B Proving Euclid's Lemma: The Role of Primality in Divisibility

[Suyogya]

"If a prime p divides the product ab of two integers a and b,then p must divide at least one of those integers a and b."(its euclid lemma true for primes only) when i tried to prove it as:
let for any integer p divides ab (ab)=(pn) ;for some integer n (a*b)/p=n
since RHS is integer, therefore for LHS to be integer either (a/p) or (b/p) or both must be integer, which means either p divides a or b or both.(hence proved)
But there is no restriction on p to be prime yet? is there any mistake in it?

 

[scottdave]

Try some sample numbers with p being prime and nonprime to see how it plays out. Here's one to try with a nonprime.
If a is 4 and b is 15, and p is 6, see how that works and go from there.

 

[PeroK]

"If a prime p divides the product ab of two integers a and b,then p must divide at least one of those integers a and b."(its euclid lemma true for primes only) when i tried to prove it as:
let for any integer p divides ab (ab)=(pn) ;for some integer n (a*b)/p=n
since RHS is integer, therefore for LHS to be integer either (a/p) or (b/p) or both must be integer, which means either p divides a or b or both.(hence proved)
But there is no restriction on p to be prime yet? is there any mistake in it?

If $a=2, b=3, p=6$, then you have a counterexample when $p$ is not prime.

In other words, in your "proof" you have said that as $6$ divides $2 \times 3$, then either $6$ divides $2$ or $6$ divides $3$.

It is necessary, therefore, that $p$ is prime.

 

[scottdave]

Rereading it looks like they telling you that p is prime. Your job is not to prove p is prime, but to prove it is a divisor of a or b. Try representing a and b as product of prime factors.

 

[Suyogya]

Rereading it looks like they telling you that p is prime. Your job is not to prove p is prime, but to prove it is a divisor of a or b. Try representing a and b as product of prime factors.
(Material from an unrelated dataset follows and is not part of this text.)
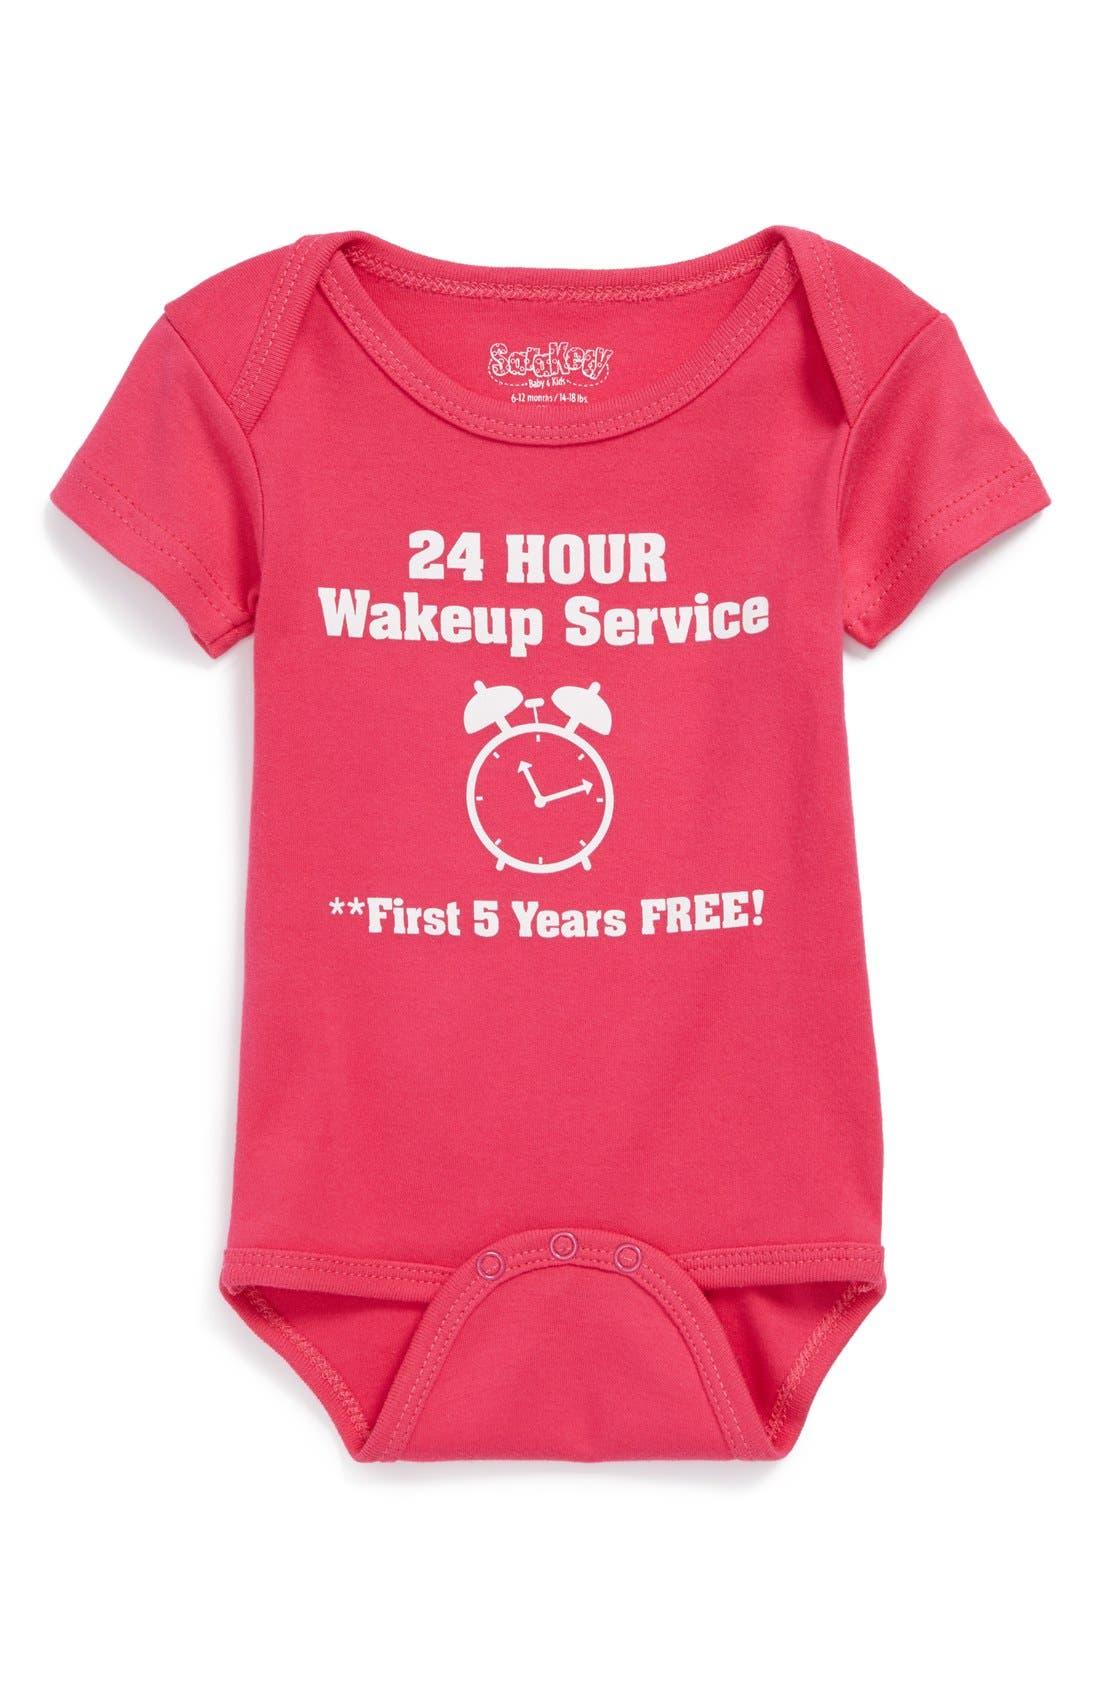 SARA KETY BABY & KIDS, 'Wakeup Service' Bodysuit, Main thumbnail 1, color, 674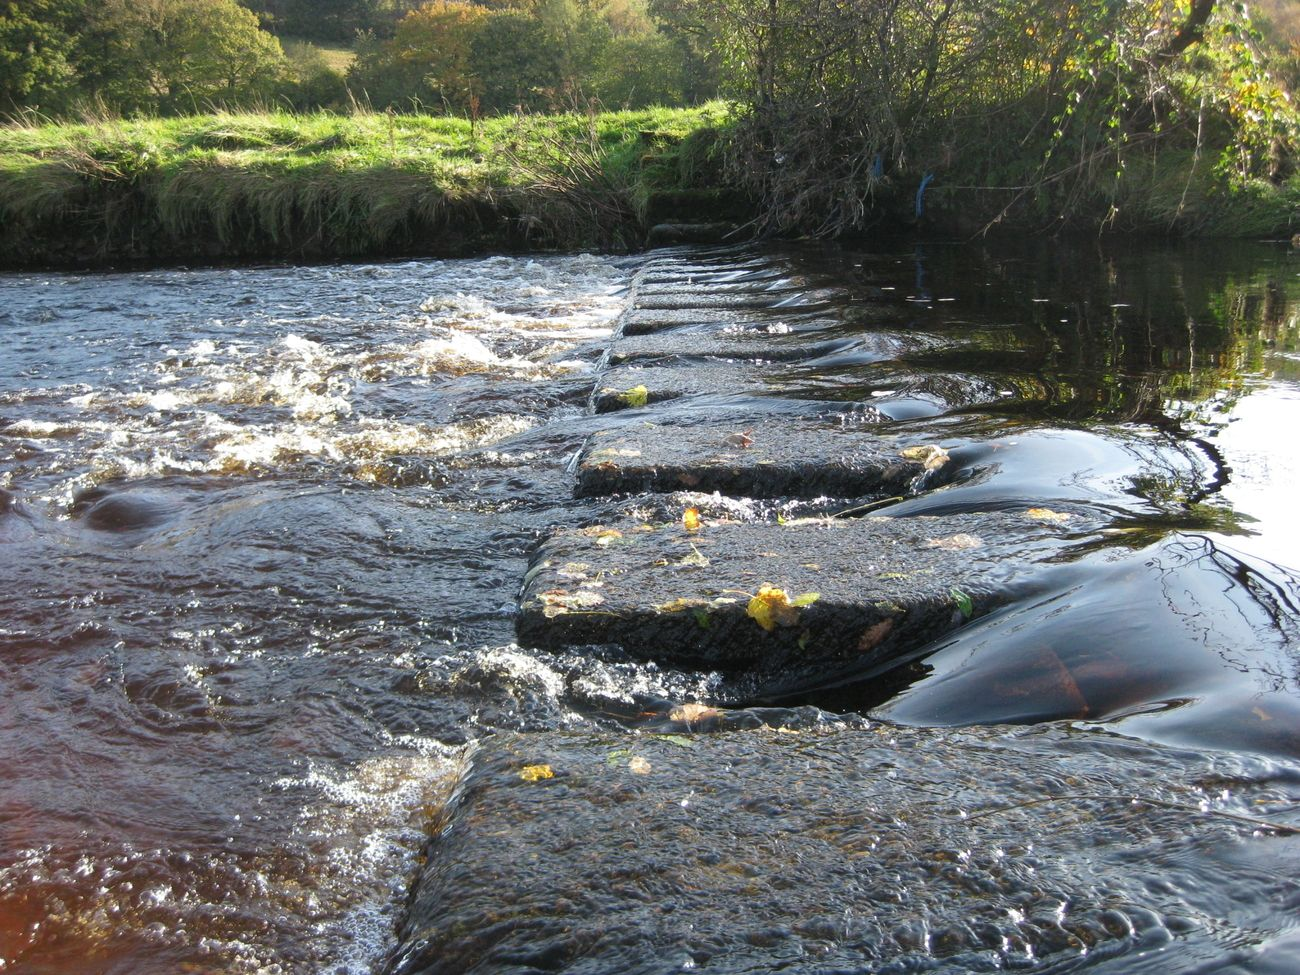 Taken in the village I grew up in in rural Wales, the Foel.

I proved it by assuming p an integer, hence should be valid for composites as well as primes, but its only for primes actually. so where its wrong

 

[PeroK]

I proved it by assuming p an integer, hence should be valid for composites as well as primes, but its only for primes actually. so where its wrong

See post #3.

 

[scottdave]

You have 2 examples of nonprimes, showing it doesn't necessarily work for nonprimes. I gave one in Post #2, and @PeroK gave one in Post #3.